» **Records**
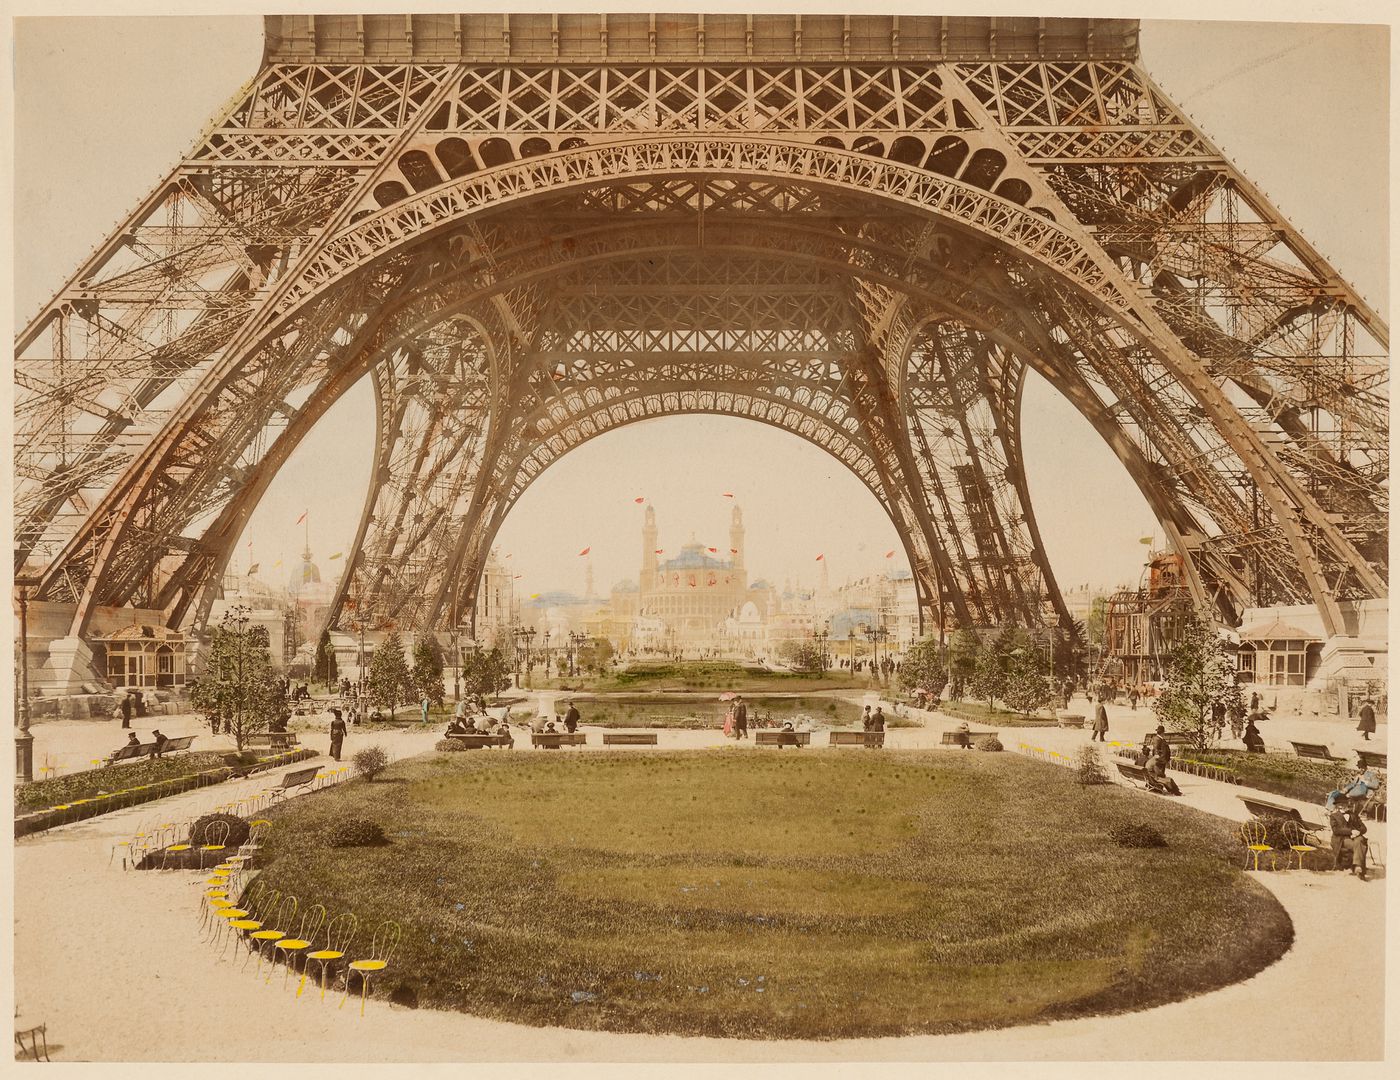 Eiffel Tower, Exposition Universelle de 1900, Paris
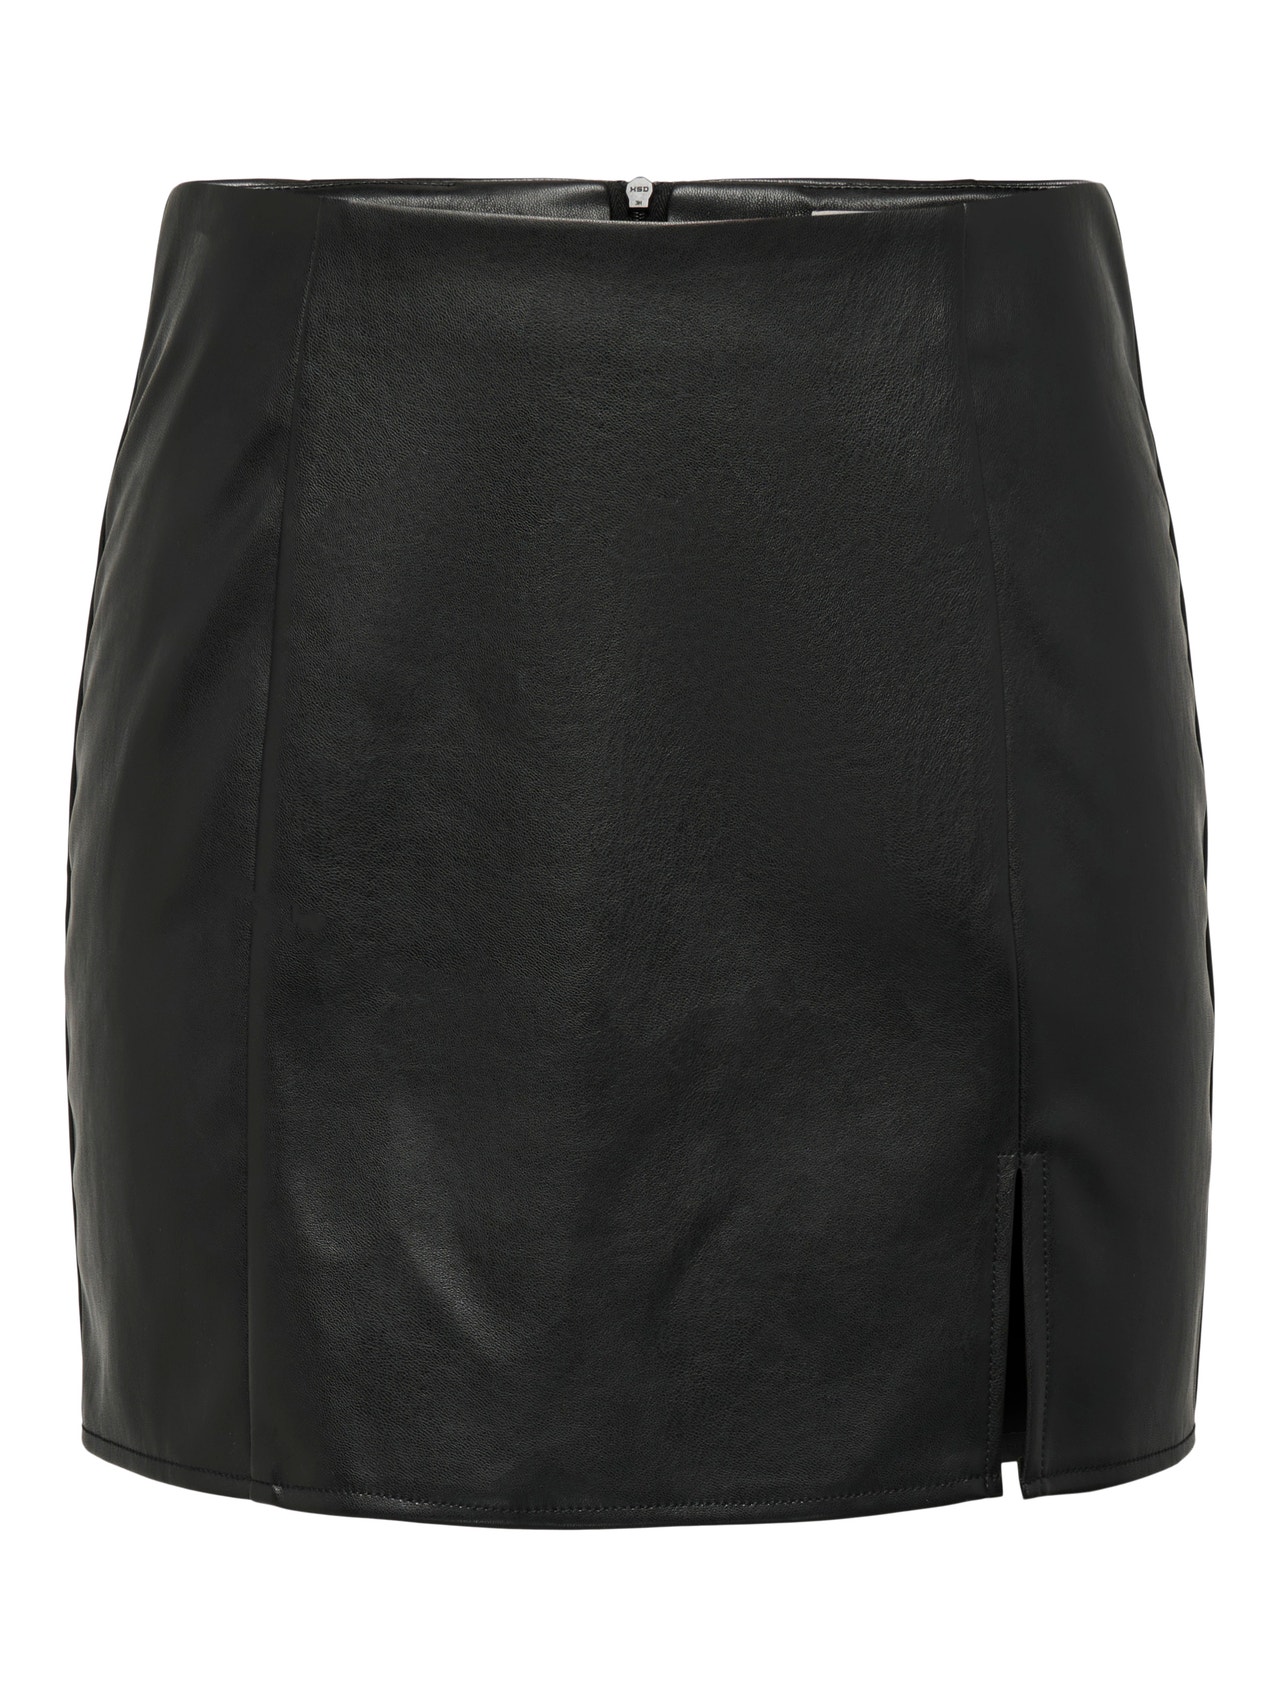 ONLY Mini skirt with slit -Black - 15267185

* * *

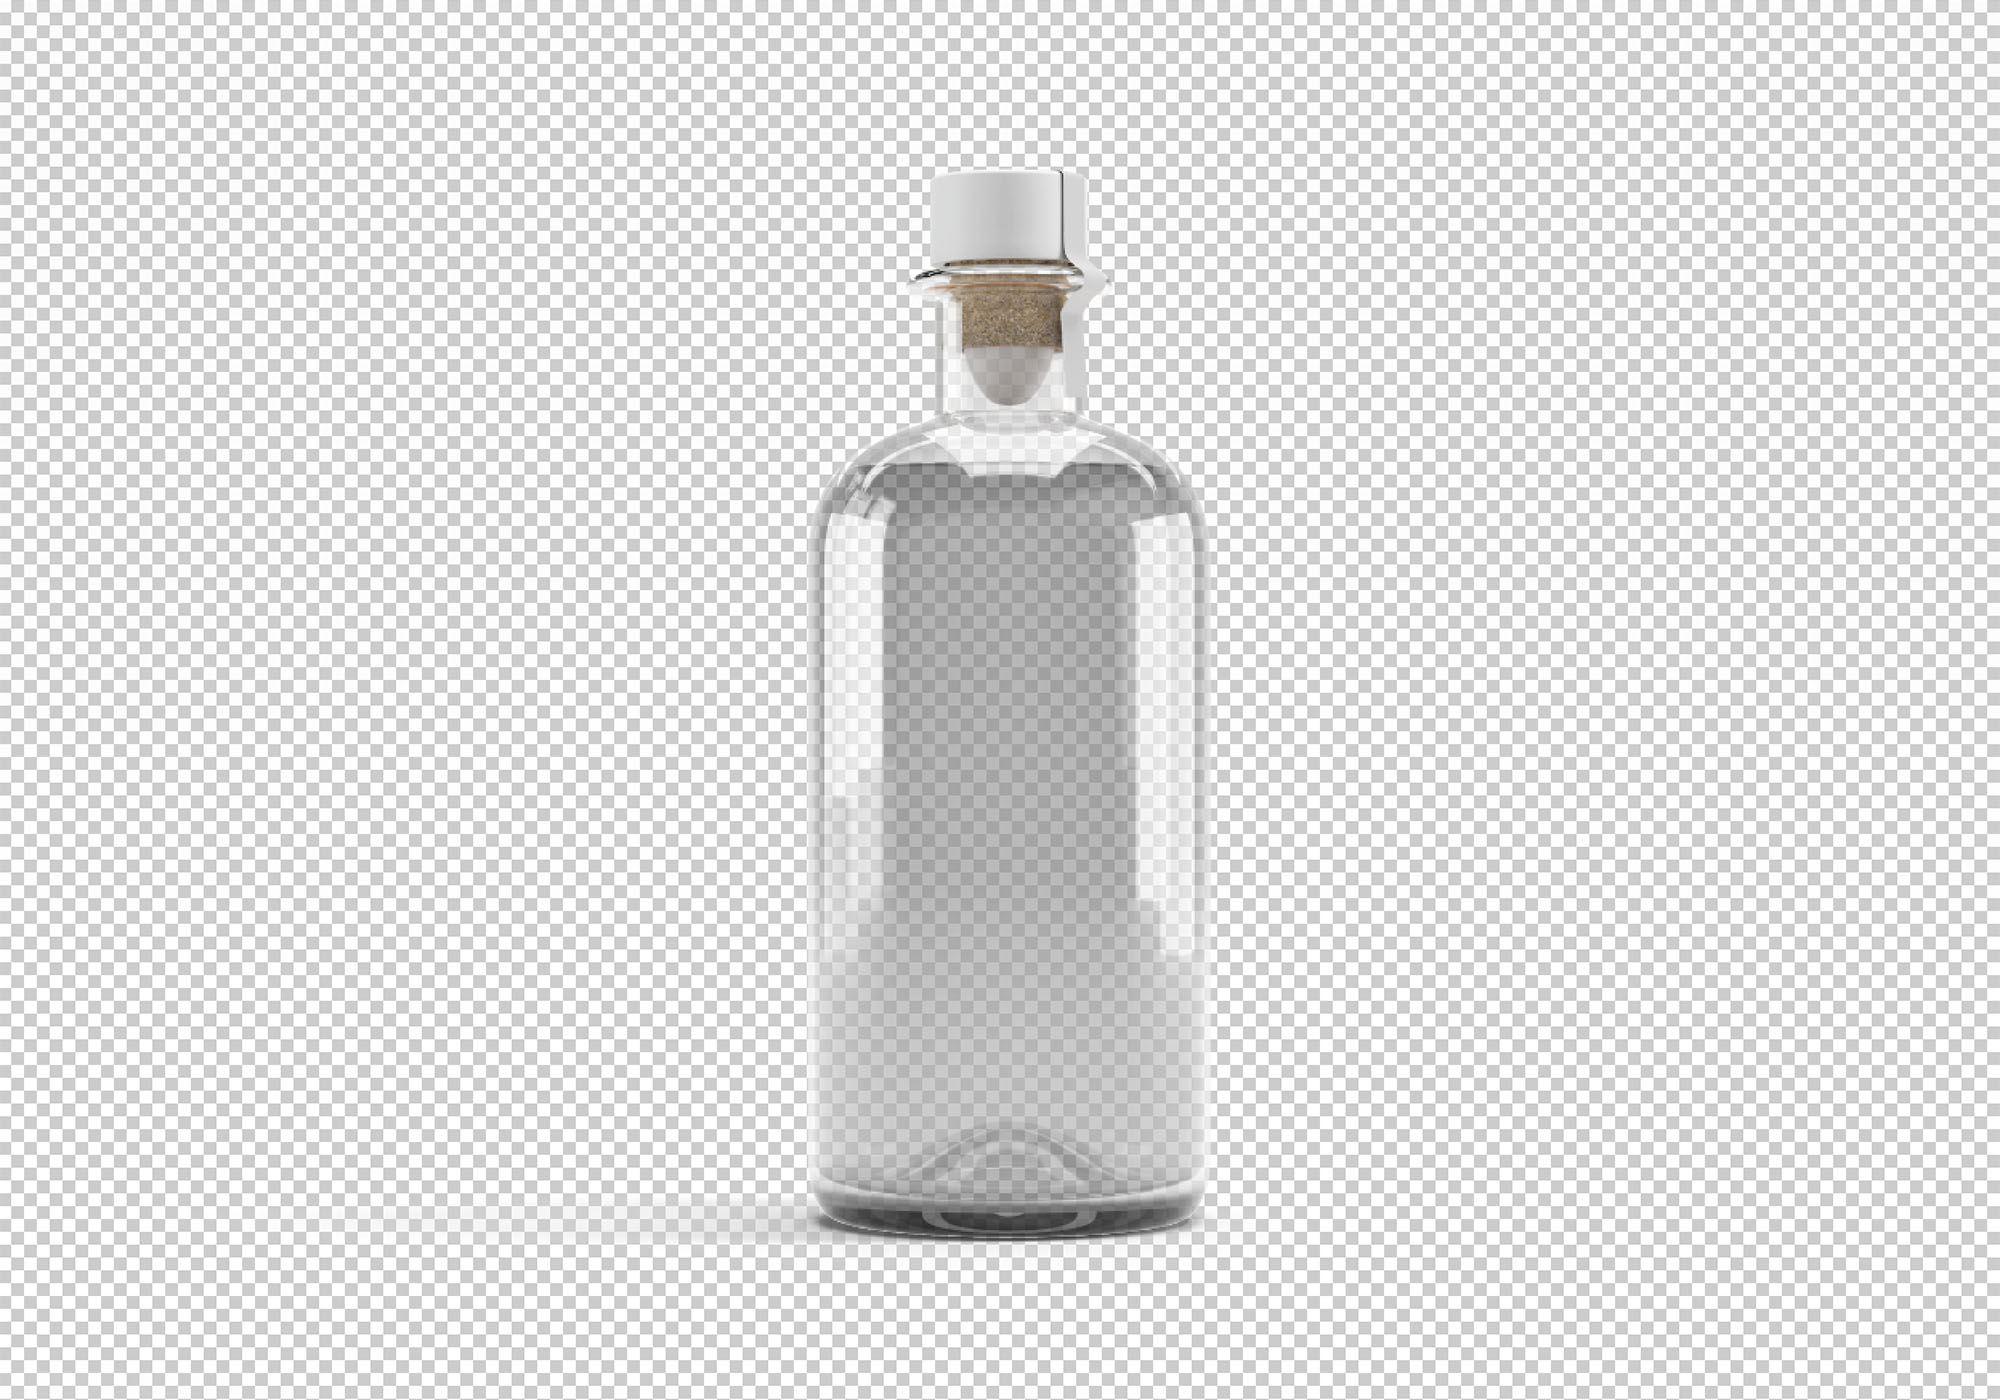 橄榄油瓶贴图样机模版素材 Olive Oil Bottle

...

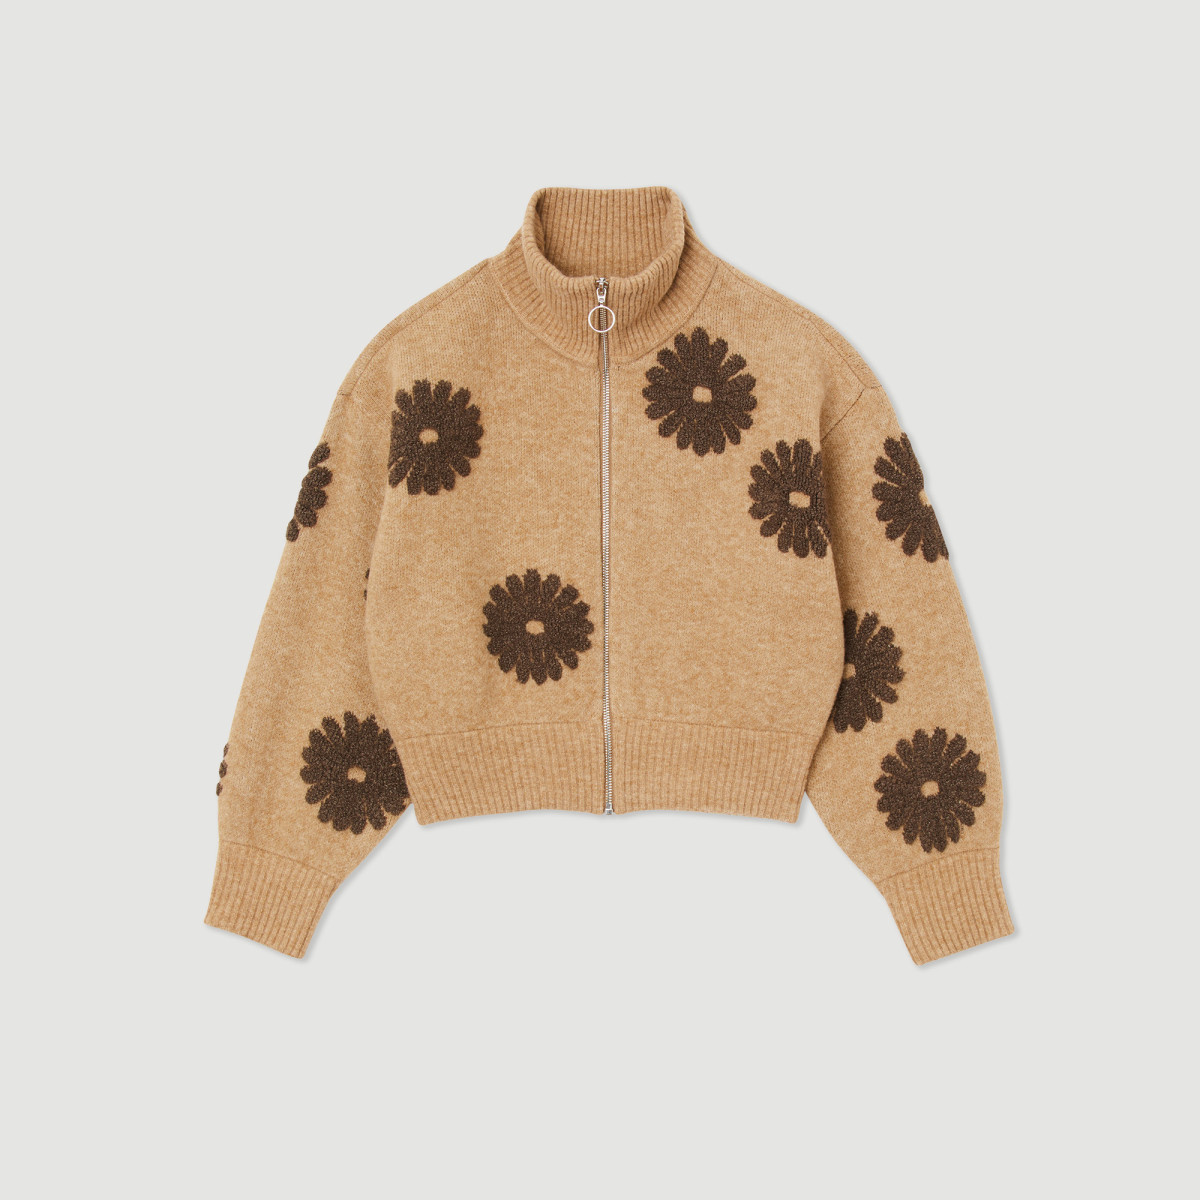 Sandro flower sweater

» **Exercise prompt**
Output exactly those lines of the data above that run from the line with "Eiffel Tower, Exposition" up to and including the line with "ONLY Mini skirt with slit -Black - 15267185". No pictures go in.

» **Reply to the task**
 Eiffel Tower, Exposition Universelle de 1900, Paris
 ONLY Mini skirt with slit -Black - 15267185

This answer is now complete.